Tom Sorensen

Panthers of 2016 take their rightful place in Charlotte sports history

The Carolina Panthers and Cam Newton (1) won’t make the NFL playoffs, but how they play in the final four weeks of the season will tell us a lot about them.
The Carolina Panthers and Cam Newton (1) won’t make the NFL playoffs, but how they play in the final four weeks of the season will tell us a lot about them. AP

North Carolina governor Pat McCrory offered his concession speech Monday. The Carolina Panthers offered theirs Sunday night.

The Panthers gave up in their 40-7 loss to Seattle. They never threatened the Seahawks. At most, they inconvenienced them.

Carolina’s performance was the most lackluster in a season full of lackluster performances. Major league sports came to Charlotte in 1988. And in those 28 years, no team has been as disappointing as Carolina this season.

Teams have had worse records. The Panthers went 2-14 in 2010, the last season in Carolina for head coach John Fox. But what did we expect? They purged the roster of veterans. Rookie Jimmy Clausen was not going to be the quarterback of the future or even the present. Those Panthers were dysfunctional, and to be fair Clausen never had a chance.

By finishing last, they drafted first.
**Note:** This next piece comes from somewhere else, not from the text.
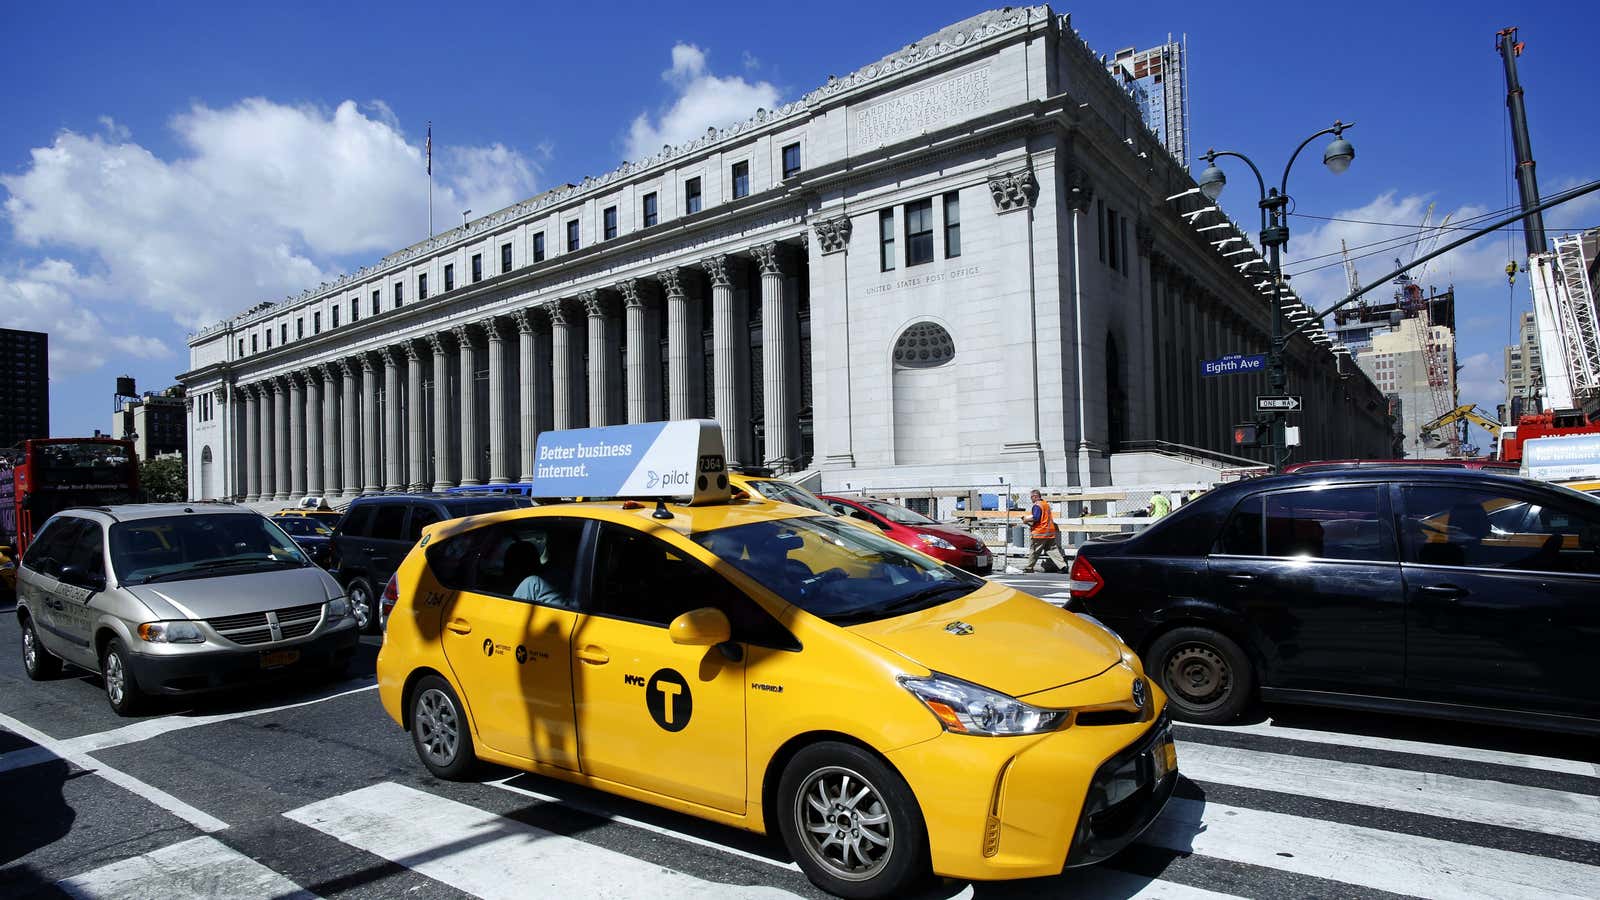 A taxi driver drives past the James A Farley post office building in New York.

The Panthers hired a new coach, Ron Rivera, and with the first pick in the 2011 draft chose quarterback Cam Newton.

In 2011-12, the Charlotte Bobcats’ winning percentage was even worse than that of the 2010 Panthers. They, too, purged their veterans and finished 7-59.

But little was expected from those Charlotte and Carolina teams. There’s only one season that, in terms of bitter disappointment, can compete with the Panthers this season.

That season is not 2003 when Carolina made the Super Bowl and lost to New England in a 32-29 thriller. The Super Bowl season was great. The Panthers were on their way.

And then they weren’t. In 2004, a season similar to this one, they finished 7-9.

The difference in 2016

Last season, the Panthers won 17 of 19 games, finishing with an ugly loss to Denver in Super Bowl 50.

Why couldn’t they again attain the Super Bowl?

The major difference between Carolina last season and Carolina this season is that when there was a close game last season the Panthers won it. They went 5-0 in games decided by five or fewer points.

In games decided by a field goal or less this season, they are 2-5.

There have been games – against good teams such as the Oakland Raiders and Kansas City Chiefs, for example – when Carolina’s talent is evident. But if you continually lose close games, it ceases to be a fluke and becomes who you are and what you do.

At 4-8, the Panthers have the same record as the Los Angeles Rams. If your record is the same as the Rams’ record, you are not good.

Assigning blame

Somebody has to be blamed. Who’s your candidate? You can blame head coach Ron Rivera if you choose. I don’t. He’s respected around the league, in Carolina’s locker room, and in the front offices.

Yet by benching Cam Newton for the opening series against Seattle he undoubtedly angered some players.

When a player is publicly reprimanded by a coach, players usually side with their teammate, the theory being that if it happened to one of them it can happen to all of them.

Years ago John Fox singled out a player, a good player, and publicly criticized him after a loss. Teammates rallied around the player. A private meeting was held, and Fox acknowledged he should not have said what he said to the media.

On the flight from San Jose, Calif., to Seattle, Newton chose not to wear a tie, thus violating Carolina’s dress code. Rivera says he treated Newton the way he would any other player.

Benching Newton for a series was not the exception, Rivera says. Allowing Newton to play would have been.

Derek Anderson, who replaced Newton, was intercepted on the game’s first play. Anderson rolled out and threw a short pass to fullback Mike Tolbert. The ball was there to be caught. Tolbert didn’t catch it. The fault is not Anderson’s.

Had Newton started, the result would have been the same. On that night, in that place, against that team, the Panthers never had a chance.

In the final four ...

So what happens next? The Panthers came into the season with what appeared to be a collection of veterans at their best and young players whose work suggested they were about to be.

Next season, however, some of those veterans might not be as good and some of those young players might be no closer than they are. Carolina has to find another pass rusher and, more importantly, improve their offensive line.

The Panthers looked soft on national TV Sunday night. I’ve never seen a team coached by Rivera give up. December is when, since 2011 when Rivera arrived, the Panthers have done their best work.

The Panthers still play and, to watch them, the fans still pay. The playoffs have been conceded. The remaining four games don’t have to be.